OASIS: Order-Augmented Strategy for Improved Code Search
This work addresses the challenge of improving code search accuracy for developers using LLMs, representing an incremental advancement by focusing on training with negative pair differences.
The paper tackles the problem of capturing deeper semantic nuances in code embeddings for code search by proposing an order-augmented strategy (OASIS) that uses order-based similarity labels to train models on subtle differences among negative pairs, resulting in significant outperformance over previous state-of-the-art models in benchmark evaluations.

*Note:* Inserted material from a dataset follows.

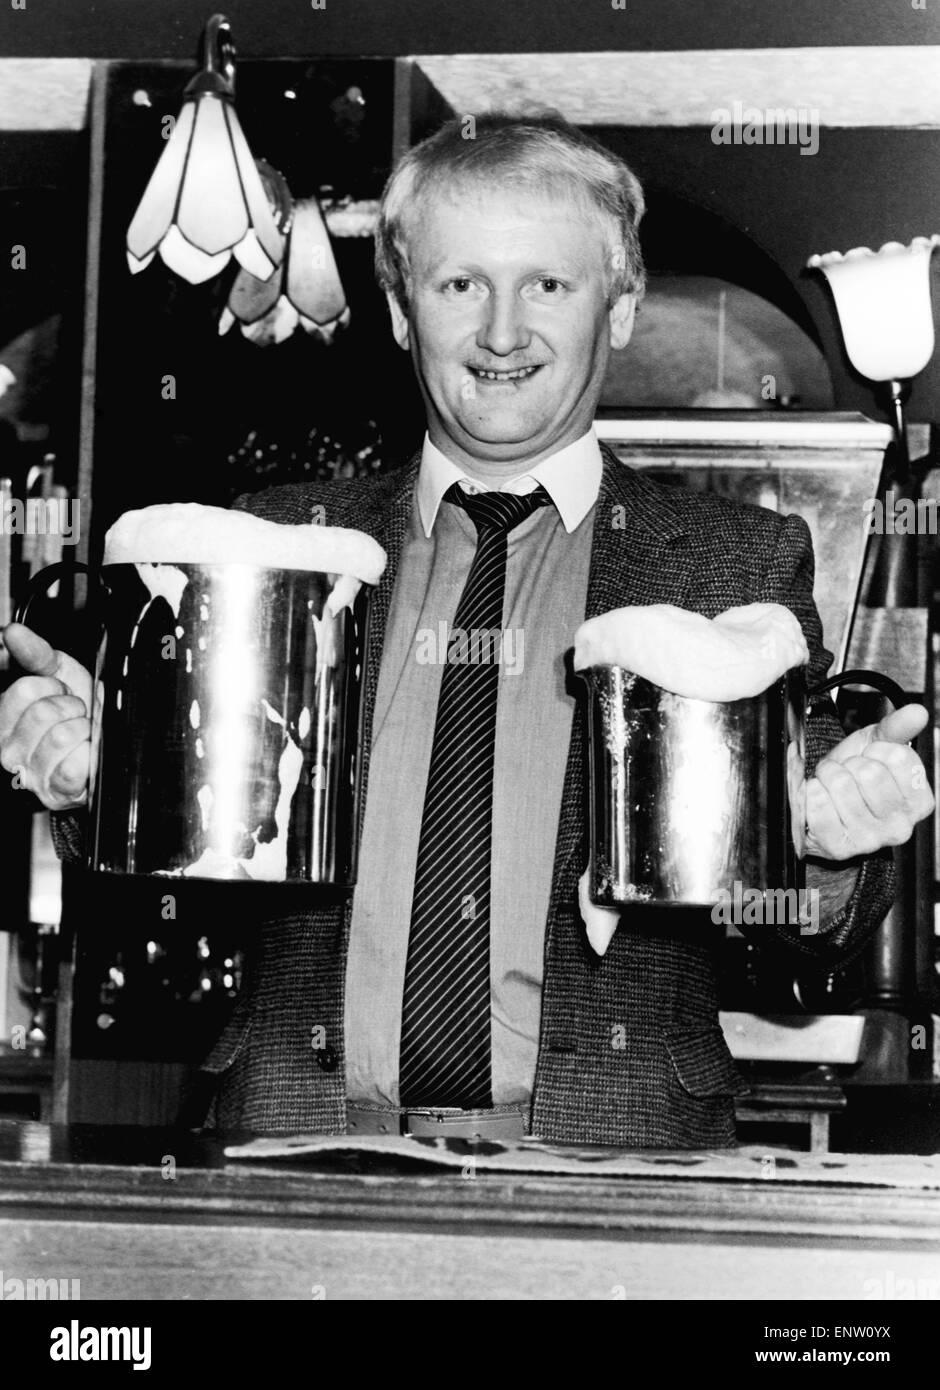 Aufruf an alle großen Trinker! Vermieter Ron Lambton dient sein Bier in Quart, eine Gallone Töpfe. Er kam auf die Idee anstehen an der Bar und verringern die Wäsche auf. Großeinkauf bietet seinen Kunden einen billigeren Abend zu - "Ich kaum Pints überhaupt verkaufen jetzt", sagte er. 26. Februar 1985 Stockfoto

Code embeddings capture the semantic representations of code and are crucial for various code-related large language model (LLM) applications, such as code search. Previous training primarily relies on optimizing the InfoNCE loss by comparing positive natural language (NL)-code pairs with in-batch negatives. However, due to the sparse nature of code contexts, training solely by comparing the major differences between positive and negative pairs may fail to capture deeper semantic nuances. To address this issue, we propose a novel order-augmented strategy for improved code search (OASIS). It leverages order-based similarity labels to train models to capture subtle differences in similarity among negative pairs. Extensive benchmark evaluations demonstrate that our OASIS model significantly outperforms previous state-of-the-art models focusing solely on major positive-negative differences. It underscores the value of exploiting subtle differences among negative pairs with order labels for effective code embedding training.